[conspire] terms of service, illustrated
rick at linuxmafia.com
Mon Aug 29 14:23:48 PDT 2011
Quoting Tony Godshall (tony at of.net):
> 1. I apologize for poorly configuring google+.
Given that you're also a Facebook user, one would think you'd be a bit
wary of such functions. Still, neither so far is as pestiferous as
> > ...agreeing with its terms of service, and (legally speaking) agreeing to
> > be Google, Inc.'s customer, thus consenting to them and their business ...
> > partners spamming and data-mining me. Sorry, I don't do Web 2.0 cults,
> > especially those run by DoubleClick's corporate parent.
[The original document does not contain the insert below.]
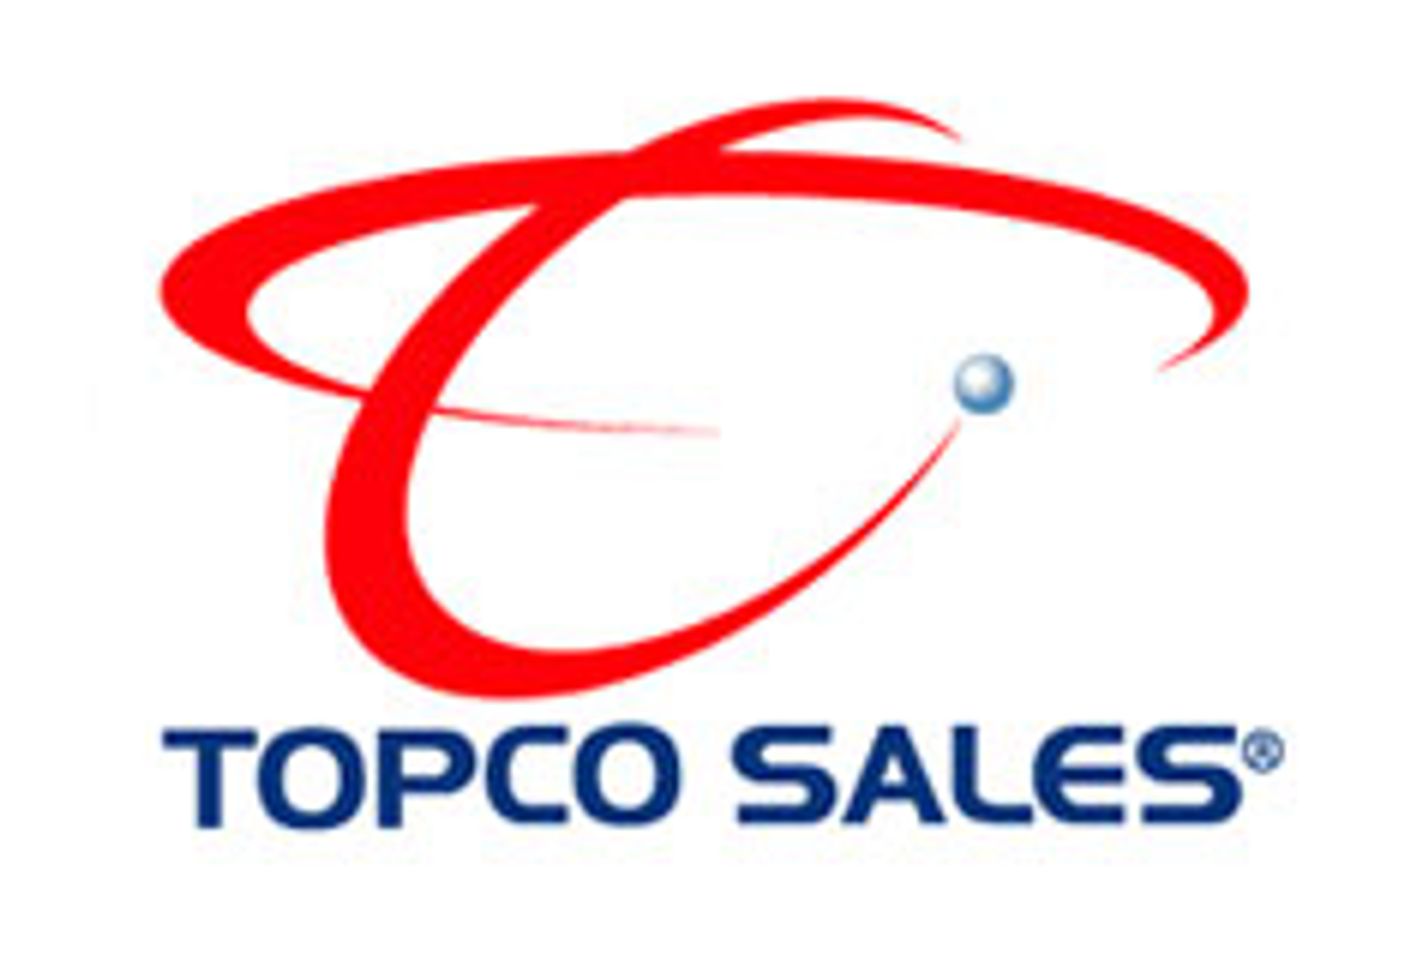 Company Profile: Topco Sales
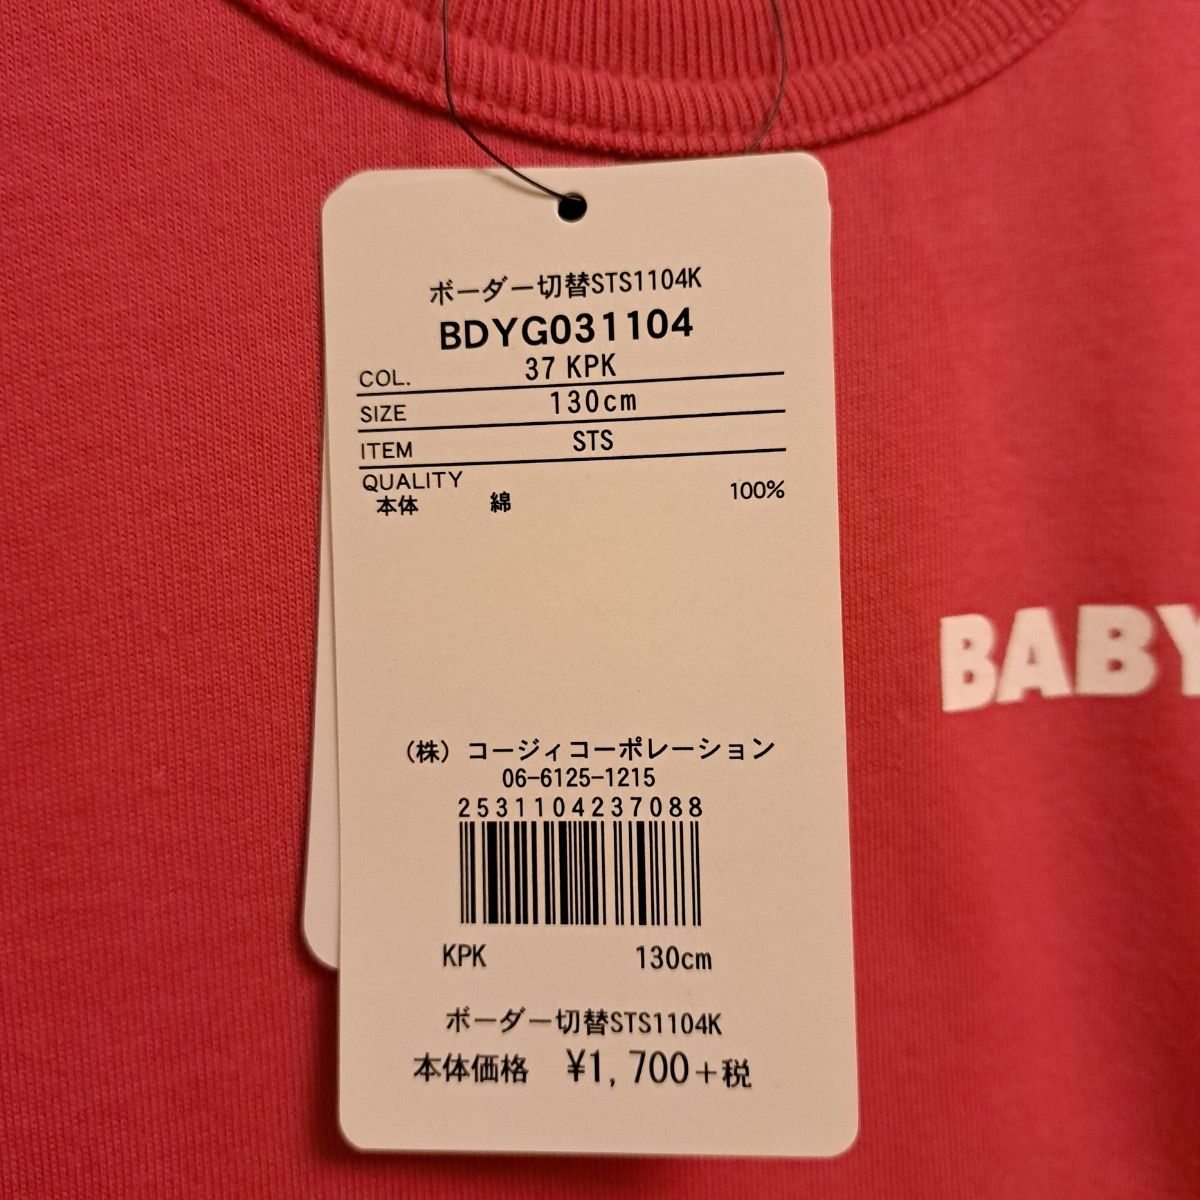 ベビードール　キッズ　半袖Tシャツ　BABYDOLL　 Tシャツ　130　タグ付未使用　ピンク

> 2. Thanks for pointing out the terms of service issue. Looking into
> this, I did find this amusing comic book version from PBS:
That's amusing, but it's not even _primarily_ a matter of 'terms of
service', though those alleged contracts do sometime alert one to
particular vendor misbehaviour that is likely: For example, if Kindle
users had attentively read Amazon.com's terms of service, the 2009
scandal where they retroactively erased not only all customer-purchased
copies of two Orwell e-books but also independent customer notes and
annotations those books, they wouldn't have been taken by surprise.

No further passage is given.